Penn Millers Announces Shareholder Approval of Merger with Ace American Insurance Company

Penn Millers Holding Corporation (NASDAQ: PMIC) (“Penn Millers” or “the Company”) today announced that, at the Company’s Special Meeting of Shareholders, the shareholders of the Company voted to adopt the Agreement and Plan of Merger dated September 7, 2011 (the “Merger Agreement”), by and among the Company, ACE American Insurance Company (“ACE”), and Panther Acquisition Corp. (“Merger Sub”), pursuant to which Merger Sub will merge with and into the Company, with the Company surviving as a wholly-owned subsidiary of ACE (the “Merger”).

The adoption of the Merger Agreement required the affirmative vote of a majority of the votes cast by the Company’s shareholders at the special meeting. Approximately 71.1 percent of the outstanding shares of common stock of the Company as of the record date were voted at the special meeting. Of the shares that were voted, approximately 99.8 percent were voted in favor of the Merger.

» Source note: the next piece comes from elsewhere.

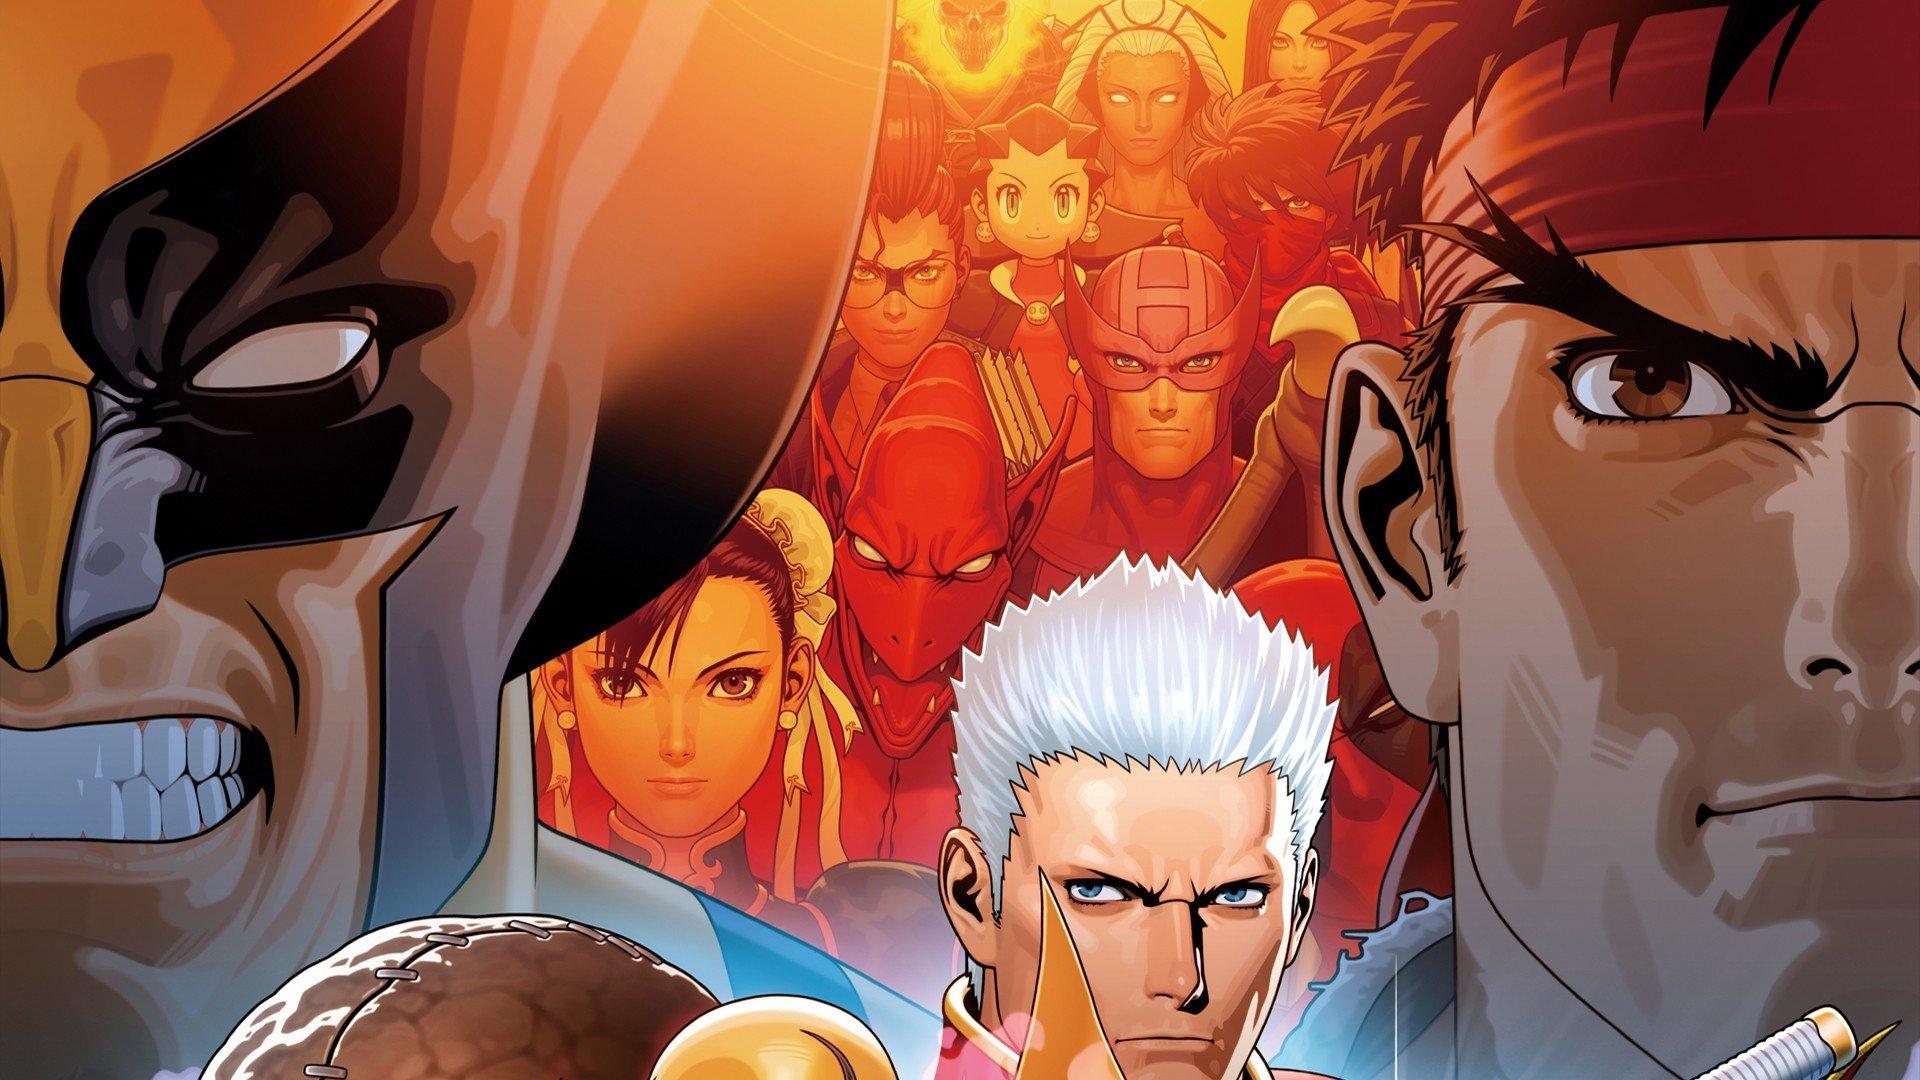 High Resolution Ultimate Marvel Vs Capcom 3 Full Hd 1080p Wallpaper

The Company currently anticipates that the Merger will close on November 30, 2011. Under the Merger Agreement, the Company’s shareholders will receive $20.50 in cash, without interest, for each share of Penn Millers common stock.

The Company provides property and casualty insurance through its wholly owned subsidiary, Penn Millers Insurance Company. Penn Millers Insurance Company provides agribusiness insurance and commercial lines insurance in 34 states. Penn Millers Insurance Company is rated “A-” (Excellent) by A.M. Best Company, Inc. The Company is located at 72 North Franklin Street in Wilkes-Barre, PA. The Company’s web address is http://www.pennmillers.com.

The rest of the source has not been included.